Question

Integer n will be randomly selected from the integers 1 to 13, inclusive.
Column A: The probability that n will be even
Column B: The probability that n will be odd

• A. The quantity in Column A is greater.
• B. The quantity in Column B is greater.
• C. The two quantities are equal.
• D. The relationship cannot be determined from the information given.

Hint:

In any set of consecutive integers, the number of odd and even integers will either be equal or differ by one. If the total number of integers is odd (like 13 here), there will be one more of whichever number (odd or even) the set starts and ends with. This set starts and ends with an odd number, so there is one more odd number.

Answer 1

The Correct Option is B

Step 1: Understanding the Concept:
This problem requires us to calculate and compare two probabilities based on a given set of integers. The probability of an event is the ratio of the number of favorable outcomes to the total number of possible outcomes.
Step 2: Detailed Explanation:
First, determine the total number of integers in the set.
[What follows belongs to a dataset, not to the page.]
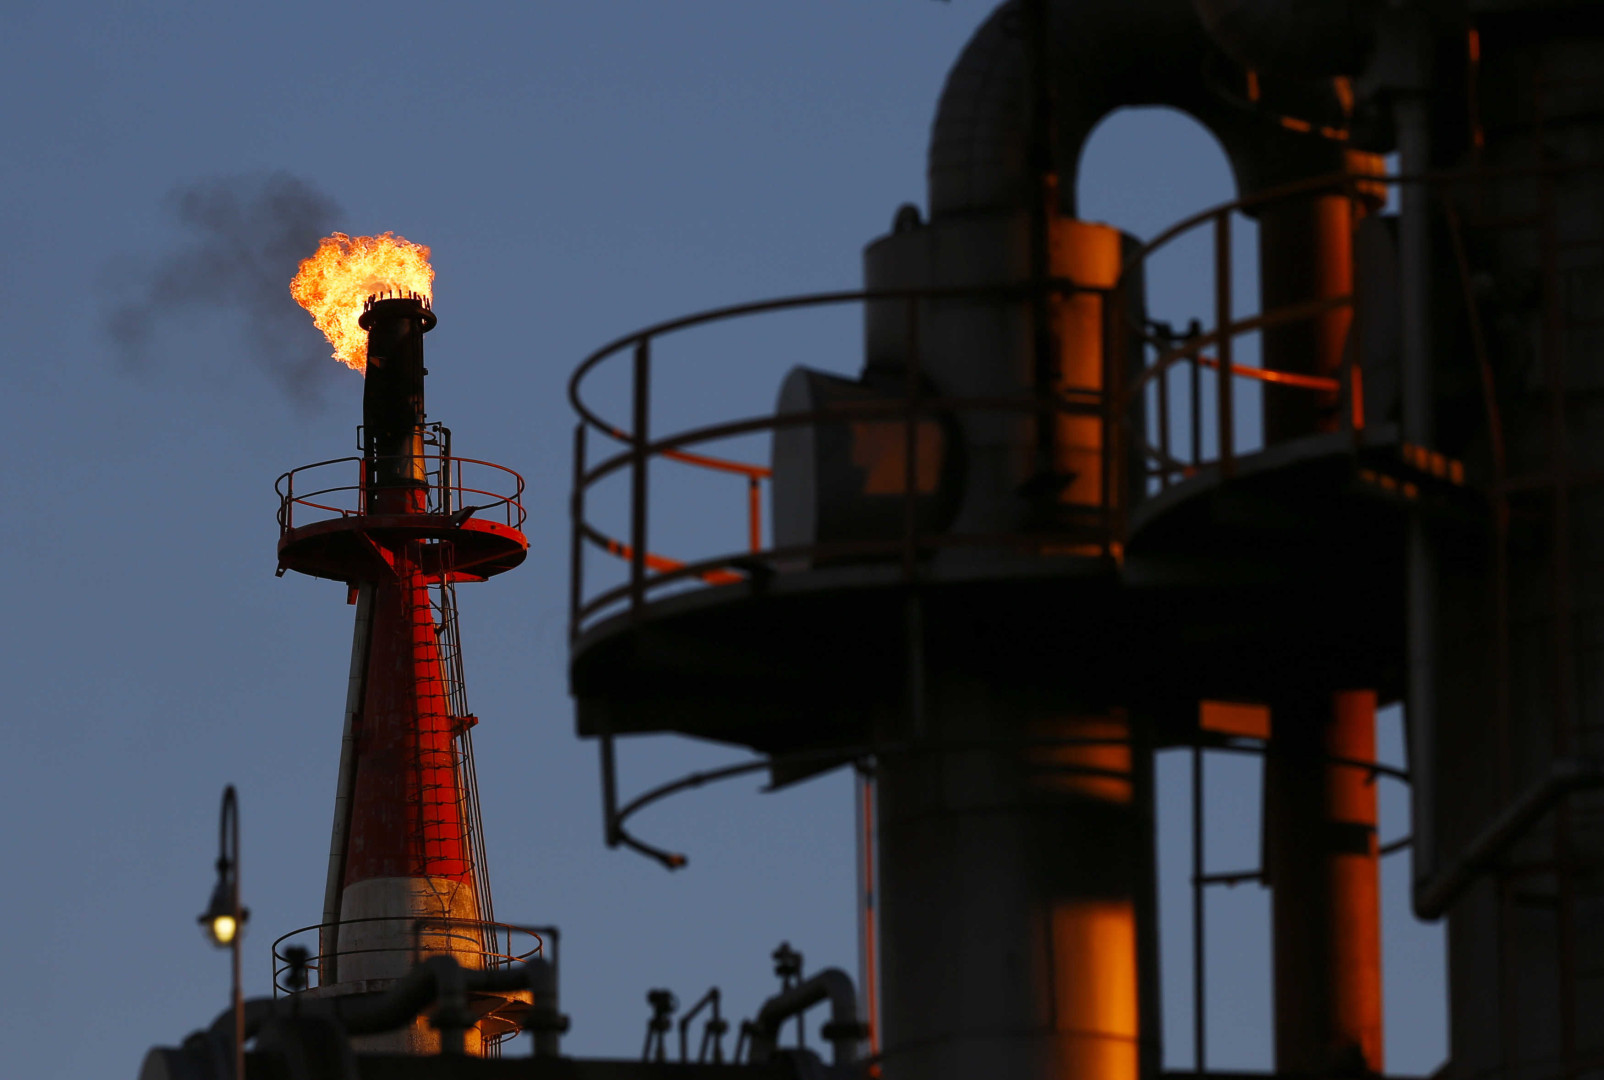 تعطل منشآت التكرير في اميركا يتسبب بتراجع أسعار النفط

The set includes integers from 1 to 13, so there are 13 total outcomes.
Column A: Probability that n will be even
The even integers in the set are \{2, 4, 6, 8, 10, 12\}.
Number of even integers = 6.
The probability is:
\[ P(\text{even}) = \frac{\text{Number of even integers}}{\text{Total number of integers}} = \frac{6}{13} \]
Column B: Probability that n will be odd
The odd integers in the set are \{1, 3, 5, 7, 9, 11, 13\}.
Number of odd integers = 7.
The probability is:
\[ P(\text{odd}) = \frac{\text{Number of odd integers}}{\text{Total number of integers}} = \frac{7}{13} \]
Comparison:
We are comparing \(\frac{6}{13}\) (Column A) with \(\frac{7}{13}\) (Column B). Since the denominators are the same, we just compare the numerators.
Since \(6<7\), we have \(\frac{6}{13}<\frac{7}{13}\).
Step 3: Final Answer:
The quantity in Column B is greater.